• _Information shown_:
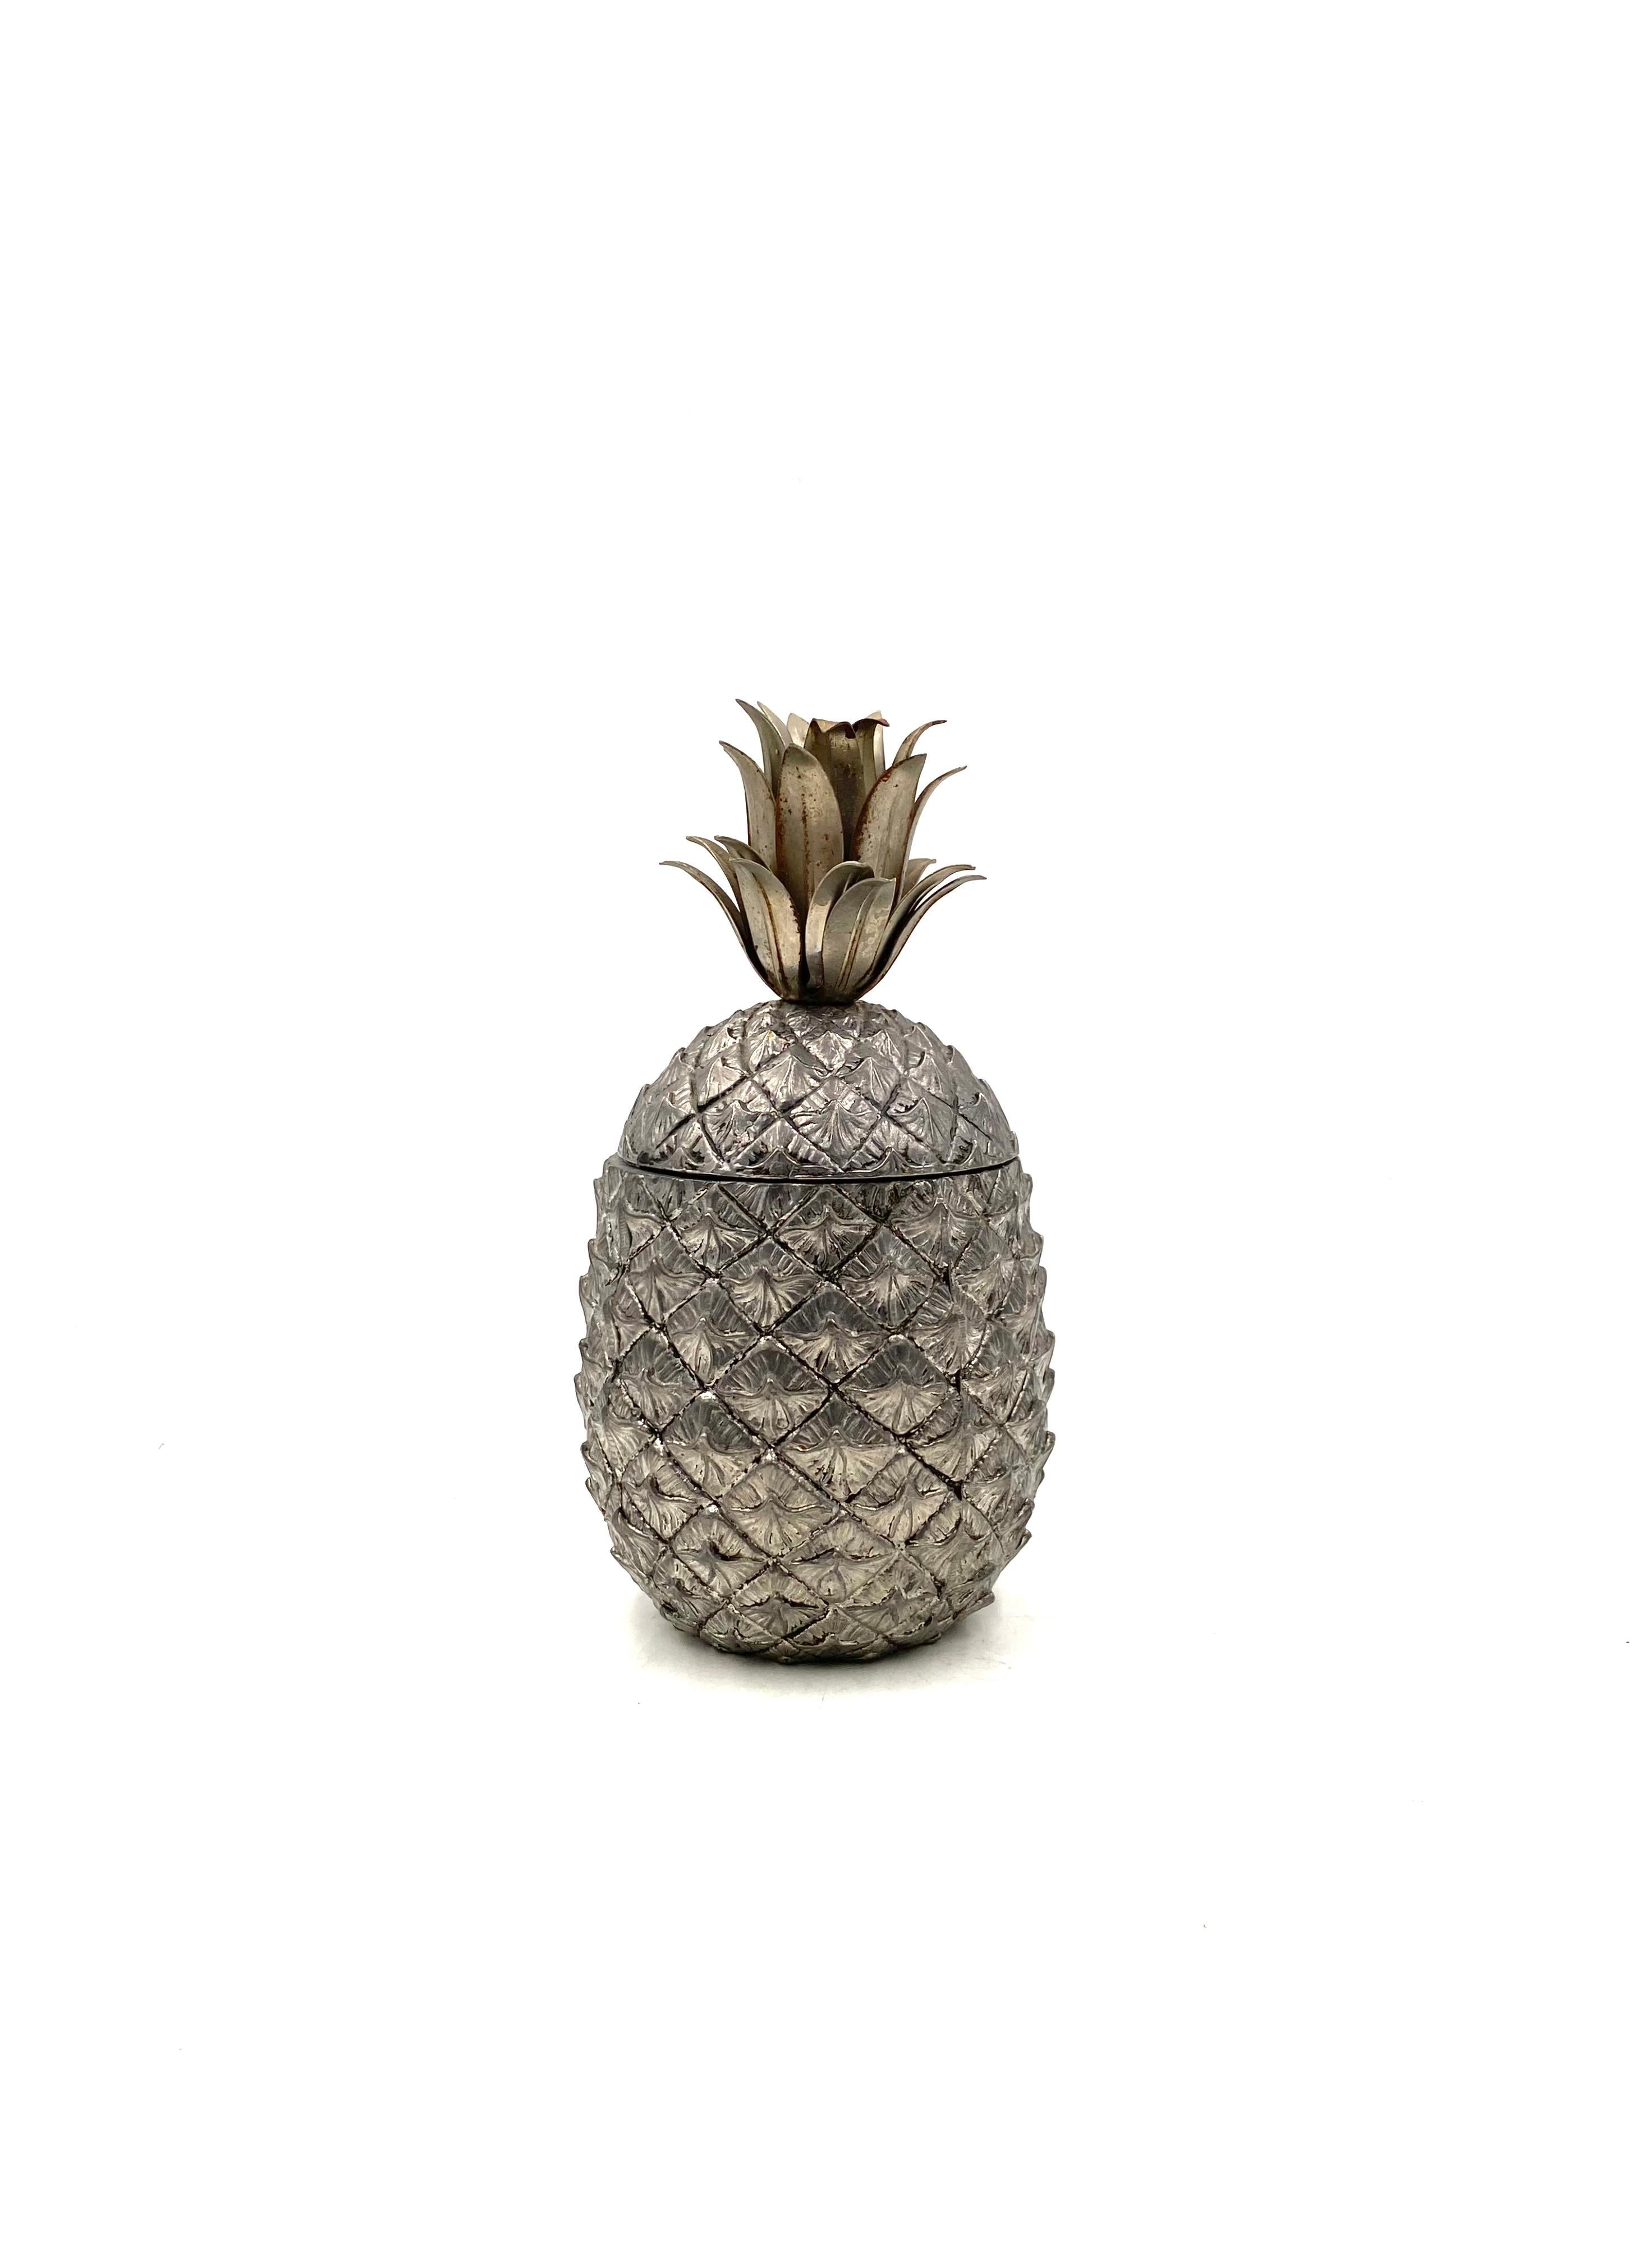 Silvered Pineapple Ice Bucket, Mauro Manetti Fonderie d'Arte, Italy 1970s 3
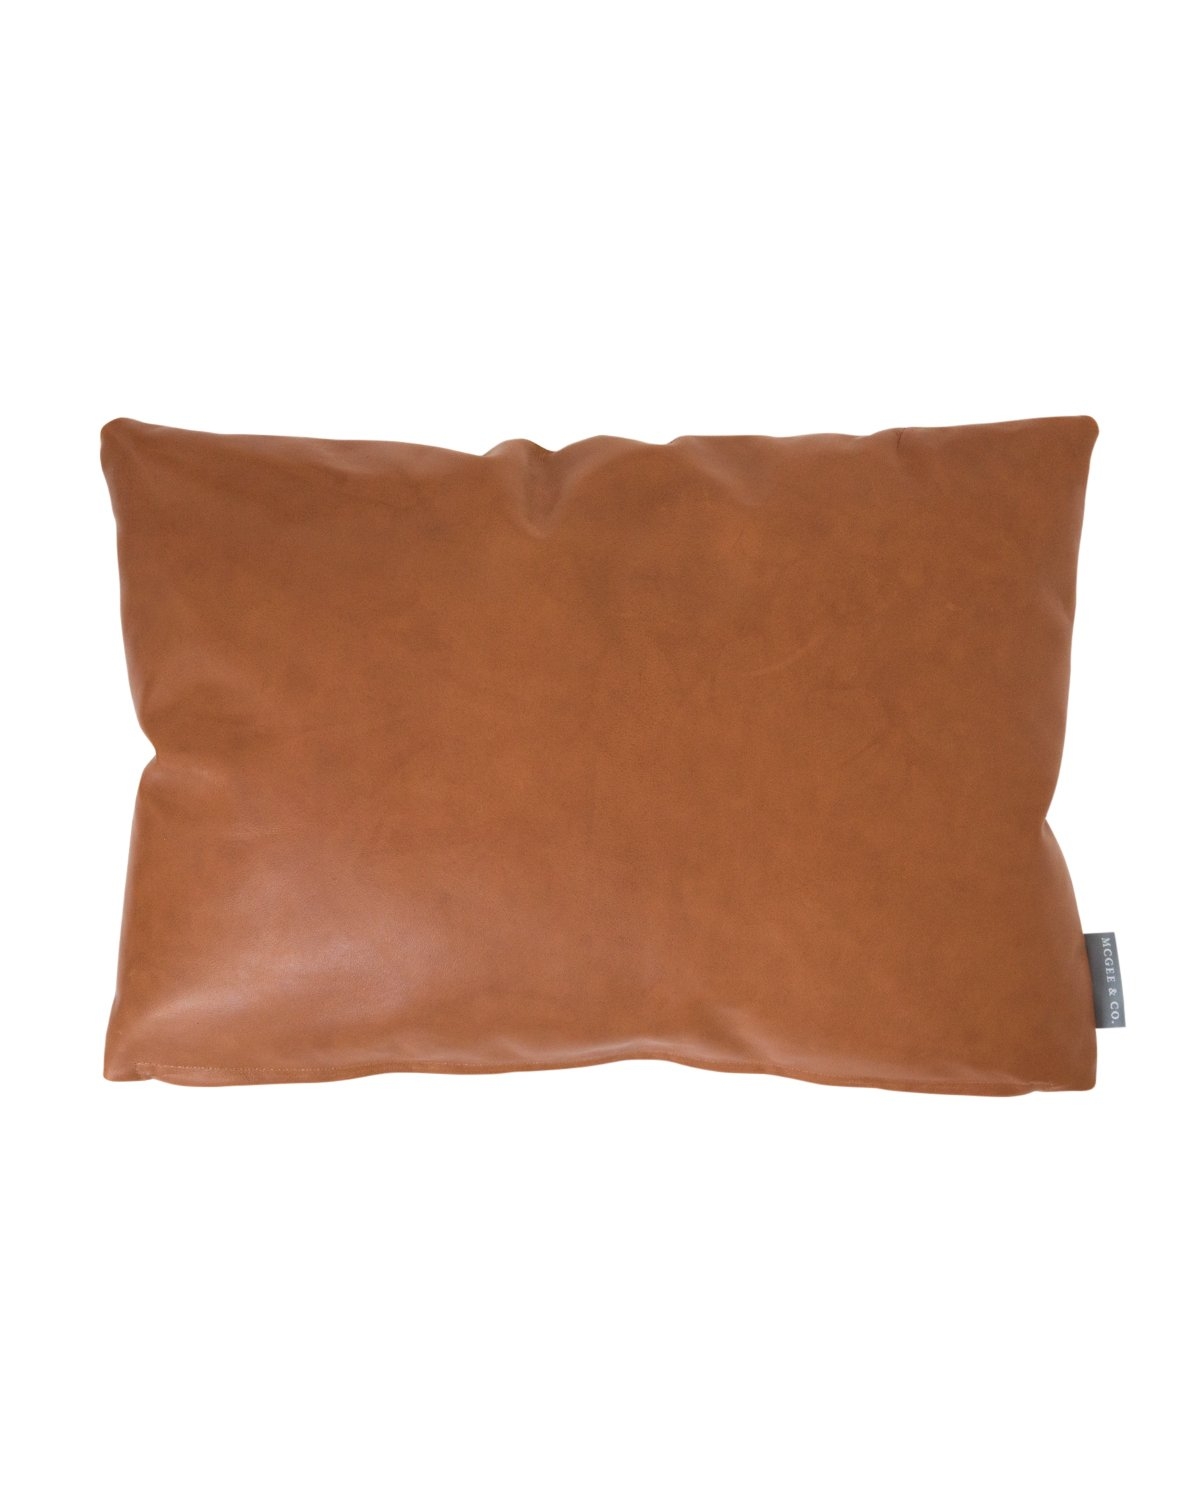 COGNAC LEATHER PILLOW COVER WITH DOWN INSERT, 14" x 20" - Image 0
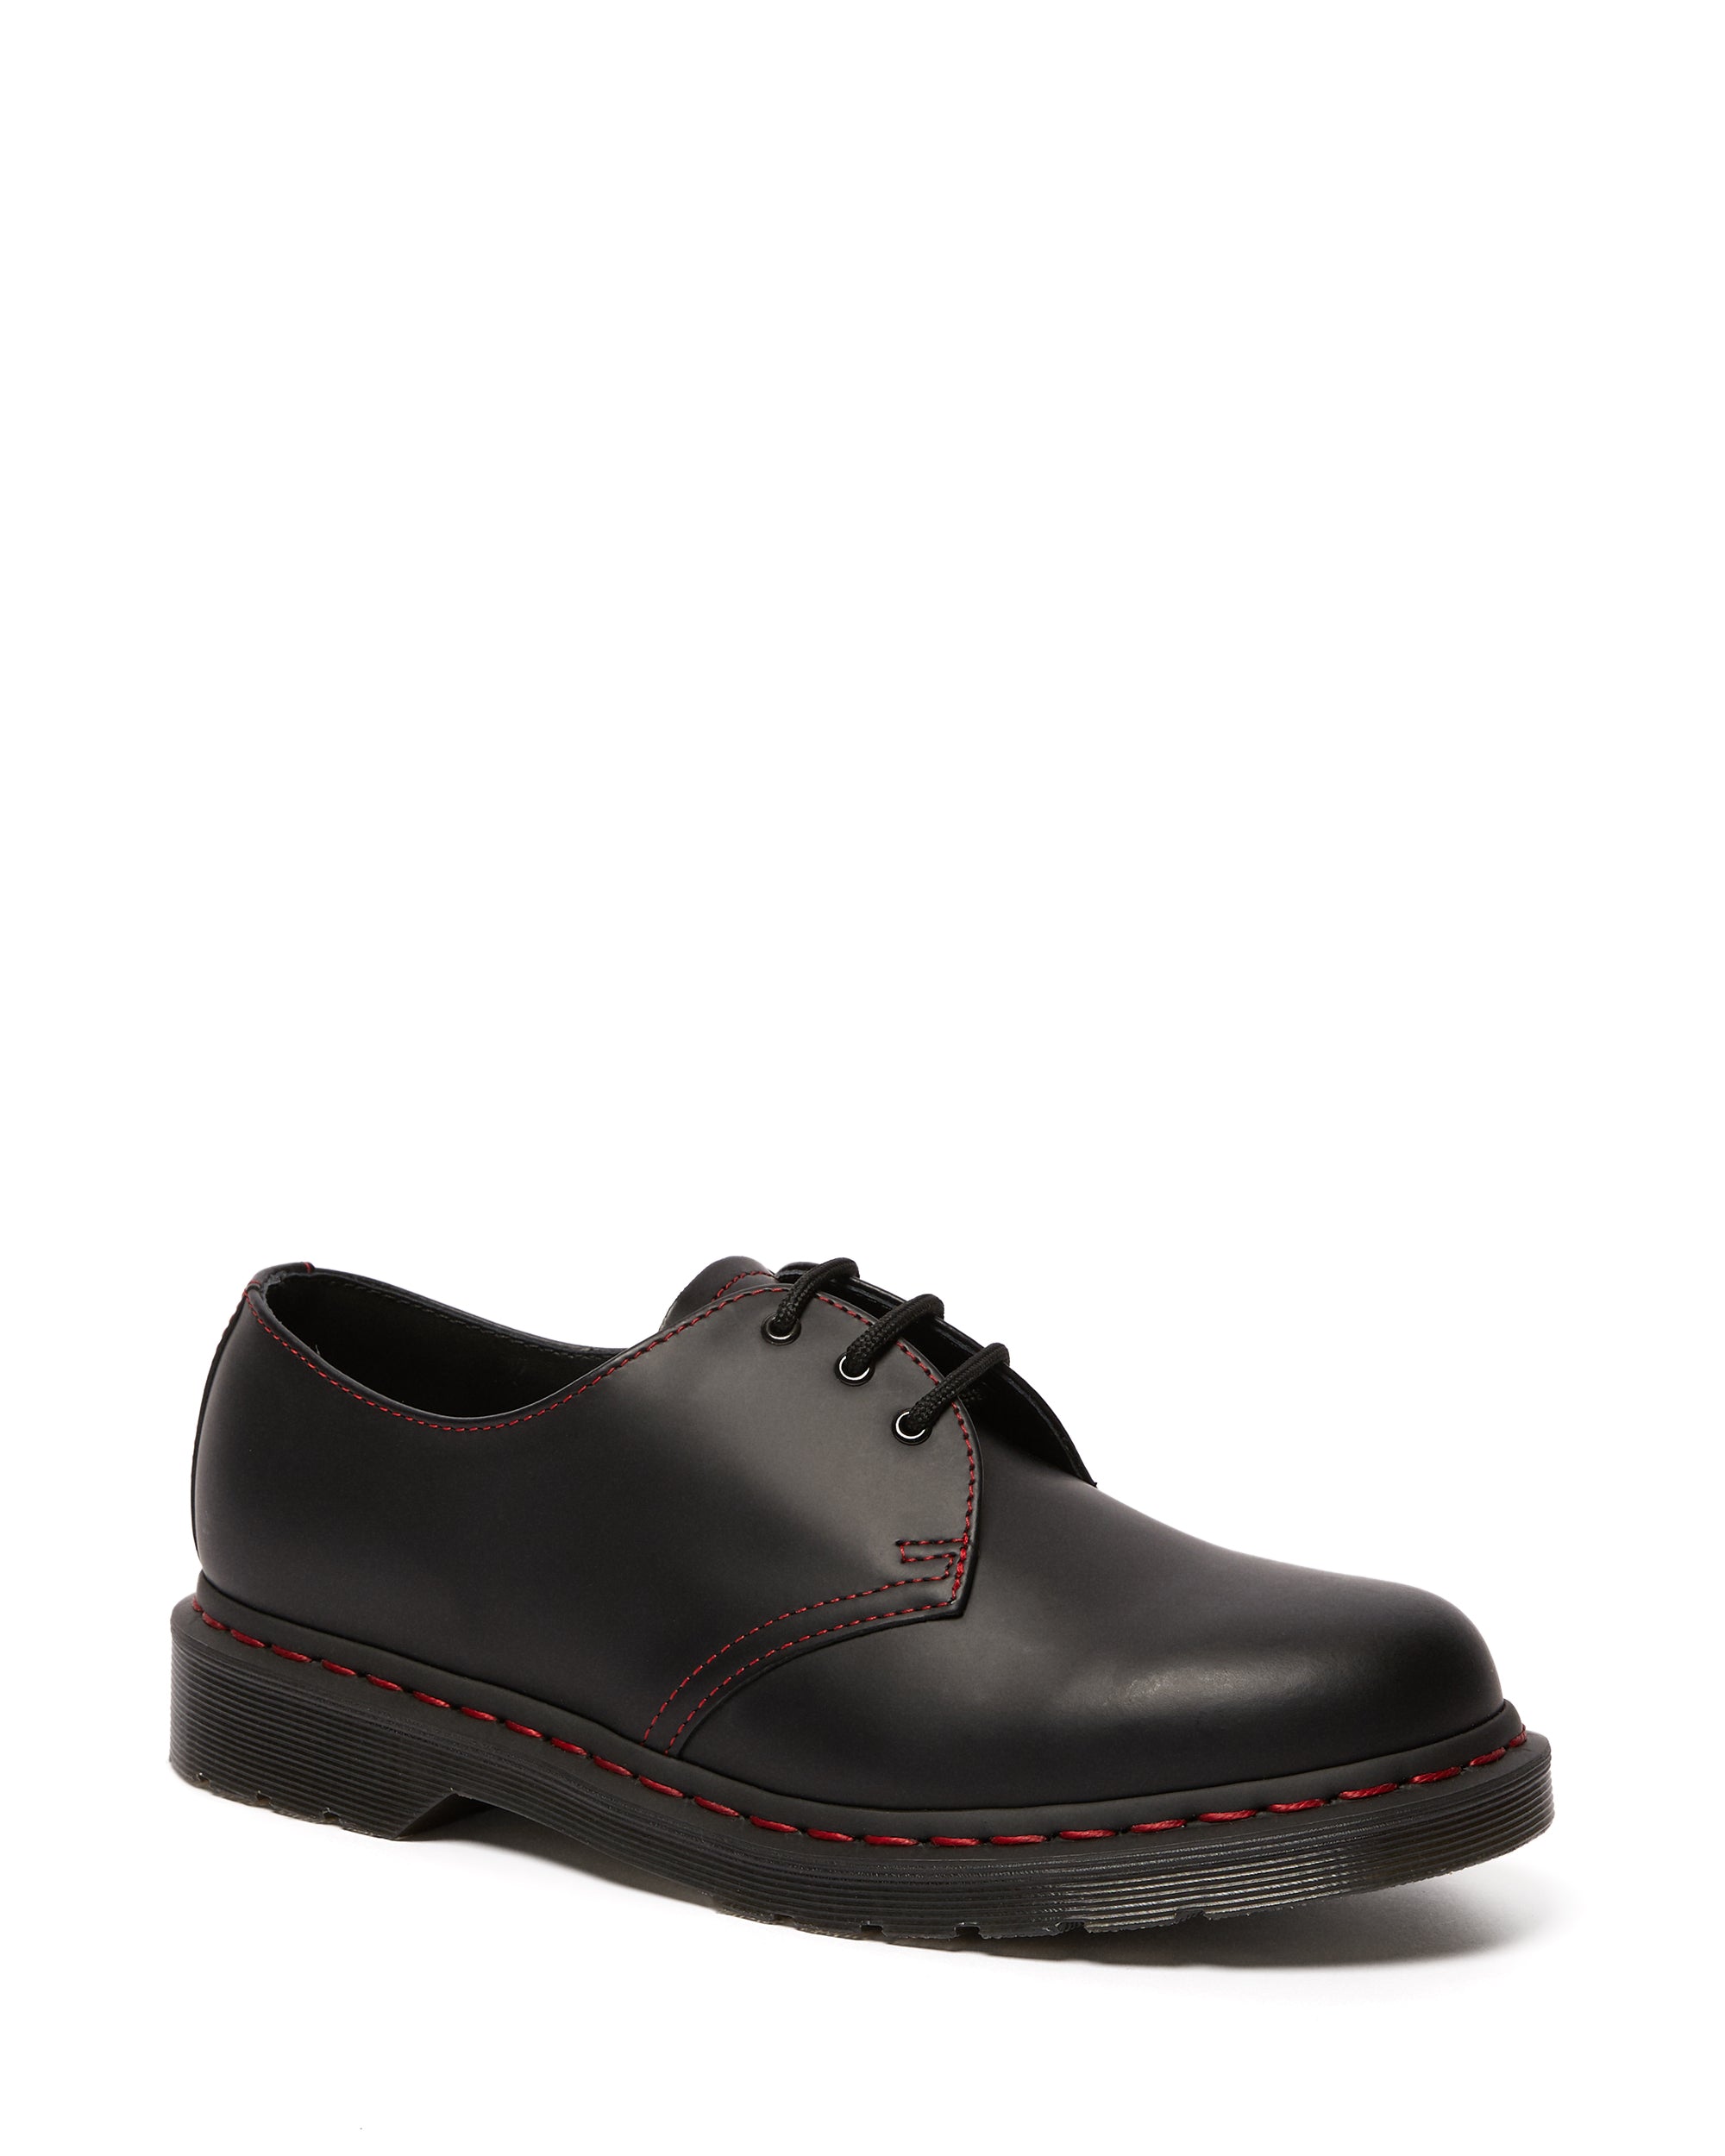 1461 RS BLACK SMOOTH OXFORD – Posers Hollywood

• _What you need to do_:
This task calls for the lines from the line holding "COGNAC LEATHER PILLOW" through the last line above, restated word for word with both ends included and the pictures dropped.

• _Solution for this problem_:
 COGNAC LEATHER PILLOW COVER WITH DOWN INSERT, 14" x 20" - Image 0
 1461 RS BLACK SMOOTH OXFORD – Posers Hollywood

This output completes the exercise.